There was less argument about Graham Poll's decision five minutes into the second half, when Gudjohnsen was clearly tripped by Craig Short as he moved clear on to Cole's little flick. The Icelander's ice-cool spot-kick left no room for debate either, though there was some discussion about whether Short should have been sent off. Referees increasingly seem to be taking the compassionate view that a penalty is punishment enough. "Boring, boring Chelsea" was now the home crowd's ironic chant. "Have you won the Premier League?" was the best the visiting support could manage. Not yet.

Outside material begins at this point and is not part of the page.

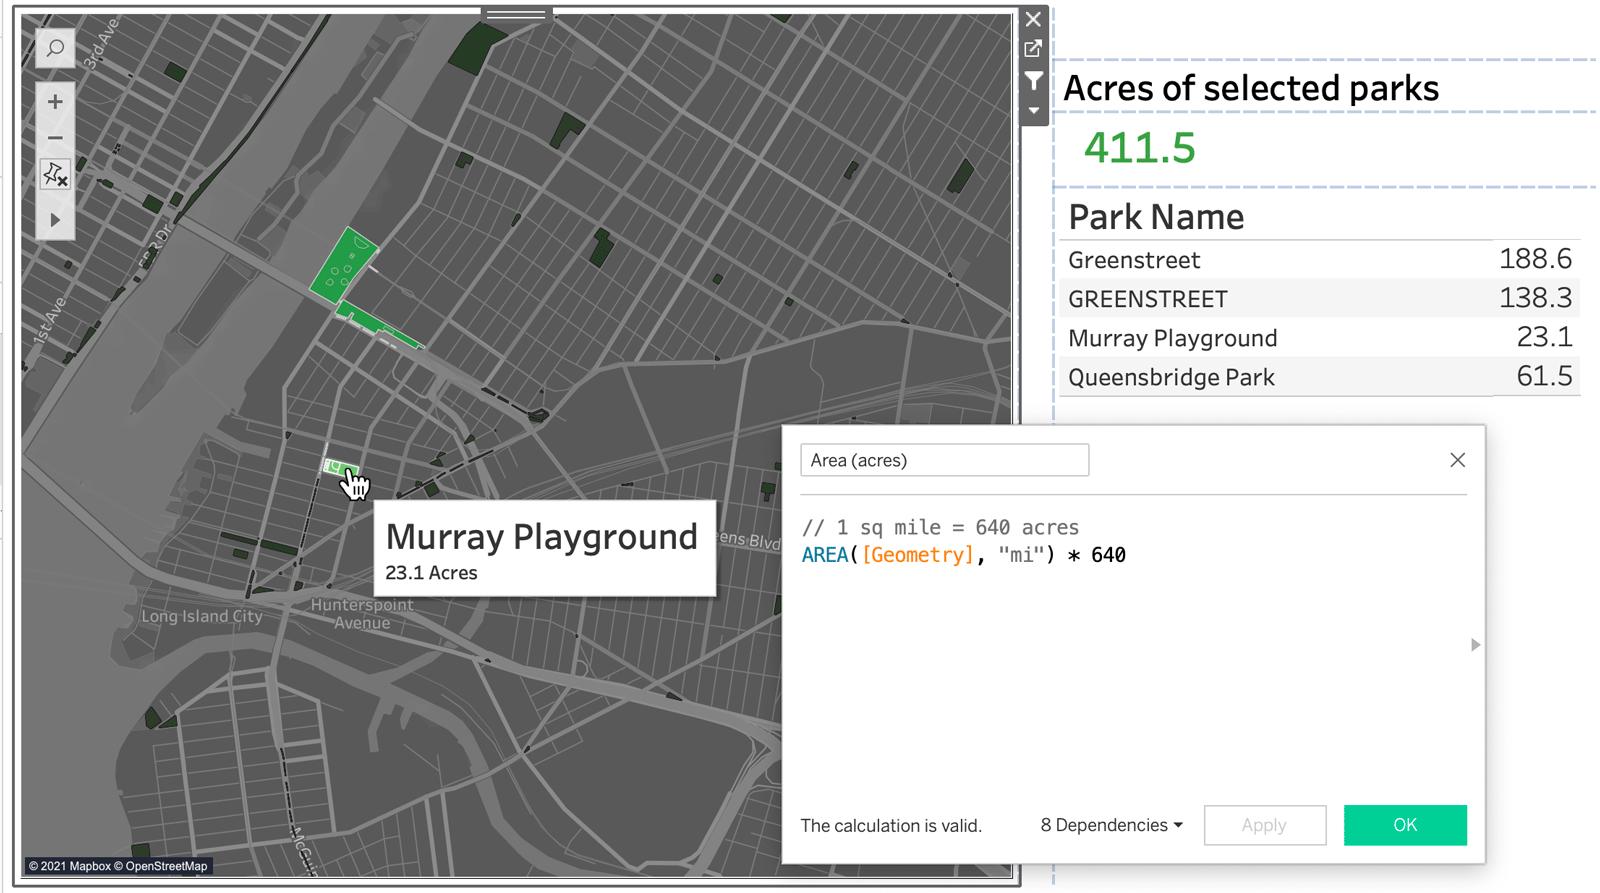 Изображение карты в Табло, использующее пространственный расчет площади для определения общей площади нескольких парков, выбранных на карте.

Hughes tried to inject some physical presence into his attack by replacing Dickov and Djorkaeff by the more powerful Jay Bothroyd and Jon Stead, but Steven Reid's drive after 66 minutes, comfortably fielded by Petr Cech, was their first shot of any note. Mourinho's substitutions gave Alexei Smertin, Cole and Gudjohnsen a rest, and Tiago, Mateja Kezman and Arjen Robben a run - the latter for the first time in the Premiership. The exciting Dutchman added another dimension, almost scoring within a few minutes of coming on. Duff, whose place he threatens, then had a shot deflected wide, collected the subsequent corner and drove it fiercely past his old colleague Friedel for the fourth goal.

Even Kezman fancied his chances against this defence and he almost opened his account at last with 10 minutes to play, turning Robben's pass against the bar. Friedel foiled him again before the end, but, that apart, it was a perfect day for Mourinho, who said: "Now we can look at the Manchester United-Arsenal game with a smile because every outcome has a positive side."